Translating a DNA to a protein.
The file bio.erl:

-module(bio).
-export([translate/1]).

%The standard genetic code table
geneticCode()->"FFLLSSSSYY**CC*WLLLLPPPPHHQQRRRRIIIMTTTTNNKKSSRRVVVVAAAADDEEGGGG".

%convert a base to an index in the table
base2index($T)-> 0;
base2index($C)-> 1;
base2index($A)-> 2;
base2index($G)-> 3.

%convert a codon to an index, lookup the table and return the amino acid
codon2AminoAcid(A1,A2,A3) -> lists:nth(
(base2index(A1)*16 + base2index(A2)*4 + base2index(A3))+1,
geneticCode())
.

%return an empty array if the argument is an empty sequence or a sequence with less than 3 bases
translate([])->[];
translate([_])->[];
translate([_,_])->[];
%translate the 3 first bases and append the remaining translation.
translate([A1,A2,A3|REMAIN])->[codon2AminoAcid(A1,A2,A3)|translate(REMAIN)].

Invoking bio:translate:

c(bio).

bio:translate("ATGGAGAGGCAGAAACGGAAGGCGGACATCGAGAAG").
"MERQKRKADIEK"

Records

A record file defines the structure of an object. Example: the following file snp.hrl defines the 'class' snp with its default values:

-record(snp,{
name="rs",
chrom="?",
chromStart=0,
chromEnd=0,
avHet= -1
}).

We can now use this class in an erlang shell:

%load the structure of a SNP
rr("snp.hrl").
[snp]
%create an empty instance of a snp
EMPTY_SNP= #snp{}.
#snp{name = "rs",chrom = "?",chromStart = 0,chromEnd = 0,
avHet = -1}
%create and fill an new instance of a snp
RS84=#snp{name="rs84",chrom="chr7",chromStart=25669317,chromEnd=25669318}.
#snp{name = "rs84",chrom = "chr7",chromStart = 25669317,
chromEnd = 25669318,avHet = -1}
%re-use the content of RS84 and fill the value of 'avHet'
RS84_2=RS84#snp{avHet=0.475045}.
#snp{name = "rs84",chrom = "chr7",chromStart = 25669317,
chromEnd = 25669318,avHet = 0.475045}
%extract the name and the avHet for RS84_2
#snp{name=NAME_RS84,avHet=AVHET_RS84}=RS84_2.
NAME_RS84.
"rs84"
AVHET_RS84.
0.475045

That's it
Pierre

26 November 2009

Playing with Erlang (I)

I'm currently reading Joe Armstrong's "Programming Erlang". Here are a couple of notes about ERLANG.

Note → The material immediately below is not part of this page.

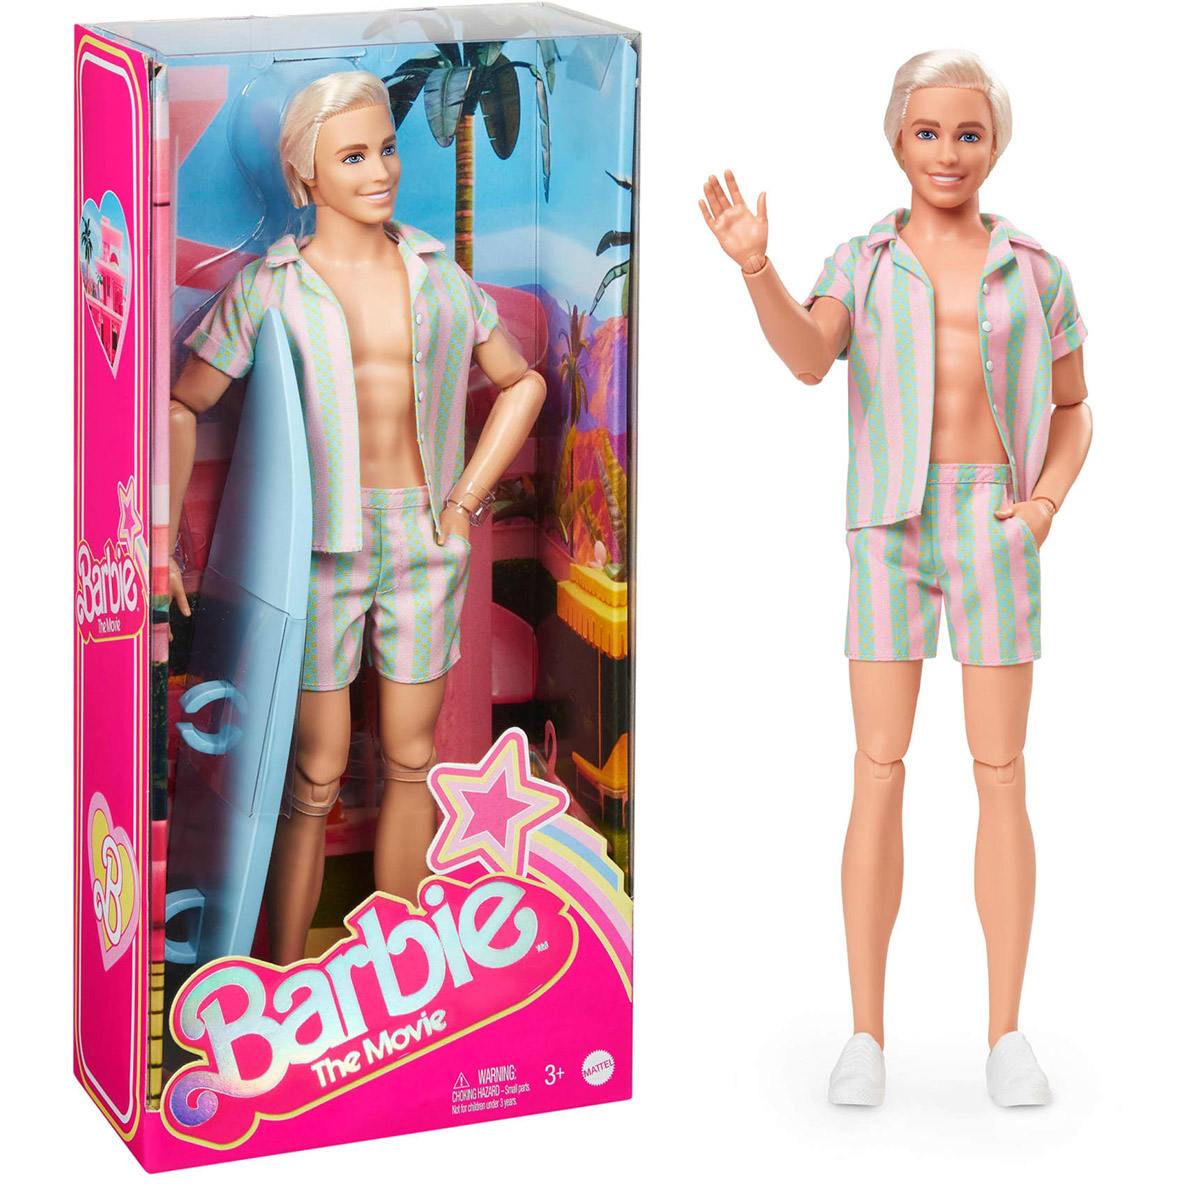 Barbie(R) The Movie Ken Doll
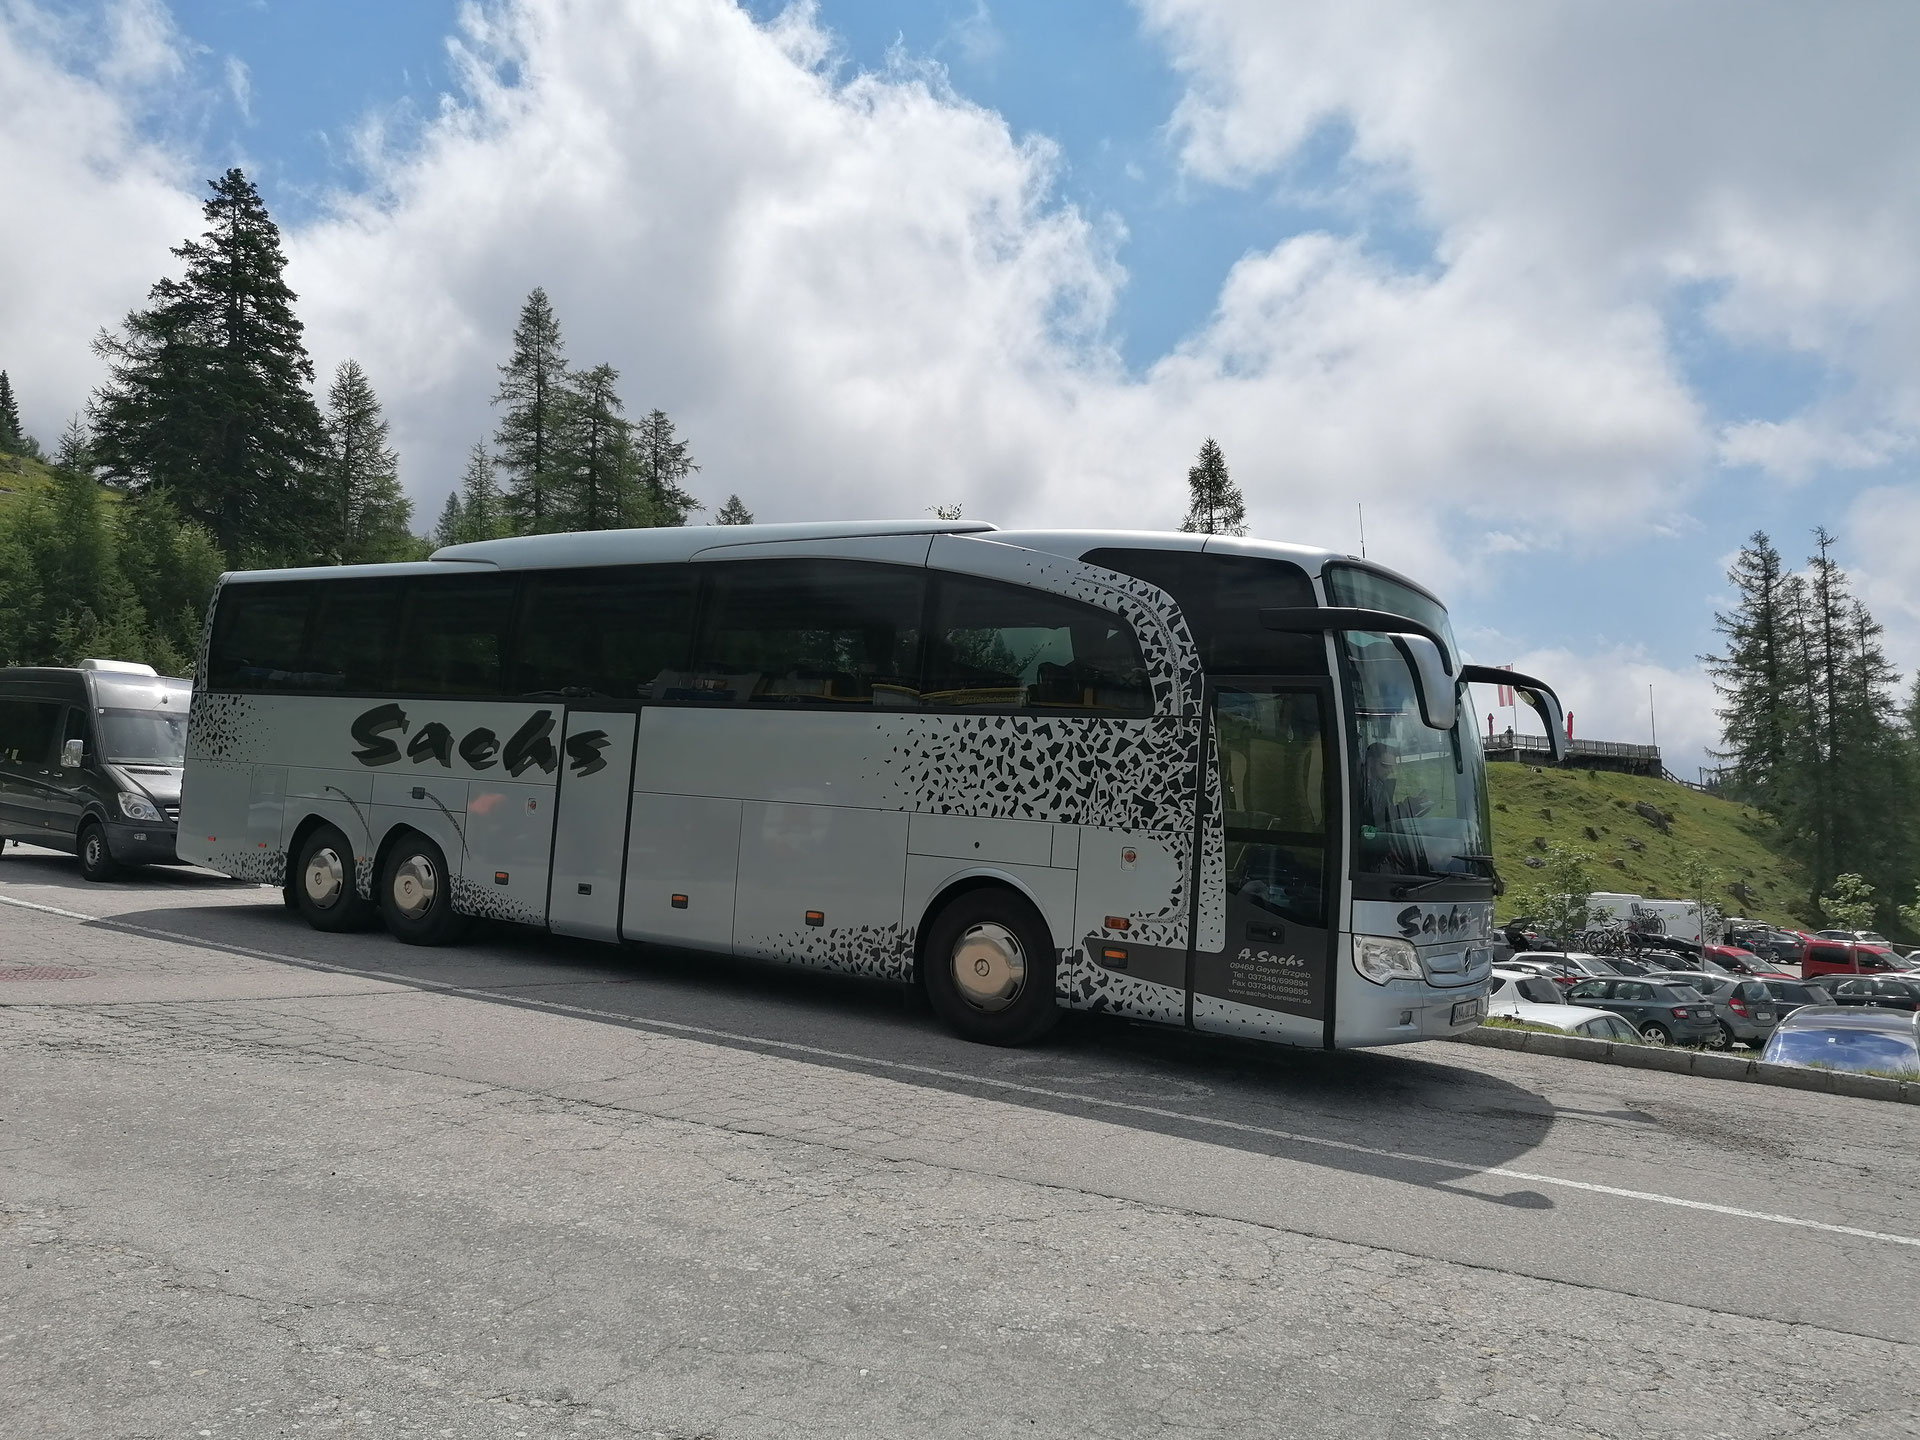 (c) Sachs-busreisen.de

Starting and stopping the Erlang shell

:~> erl
Erlang R13B01 (erts-5.7.2) [source] [smp:2:2] [rq:2] [async-threads:0] [hipe] [kernel-poll:false]

Eshell V5.7.2 (abort with ^G)
1> halt().
:~>

Simple Math

Input:

2*(3+4).
PI=3.14159.
R=2.
SURFACE=PI*R*R.
R=3.

Output:

1> 14
2> 3.14159
3> 2
4> 12.56636
##Variables in erlang are immutable R3 cannot be changed
5> ** exception error: no match of right hand side value 3

Two structure defining a SNP and a Gene are created with a Tuple:

RS94={snp,
{chrom,chr6},
{chromStart,98339675},
{chromEnd,98339676},
{name,"rs94"},
{strand,plus},
{func,unknown},
{avHet,0}
}.
RS47={snp,
{chrom,chr7},
{chromStart,11547645},
{chromEnd,11547646},
{name,"rs47"},
{strand,minus},
{func,missence},
{avHet,0.246}
}.
NP_056019={gene,
{chrom,chr7},
{txStart,11380695},
{txEnd,11838349},
{cdsStart,11381945},
{csdEnd,11838097},
{name,"NP_056019"},
{strand,minus},
{exonCount,27}
}.

Values are extracted using '_' as a placeholder for the unwanted variables.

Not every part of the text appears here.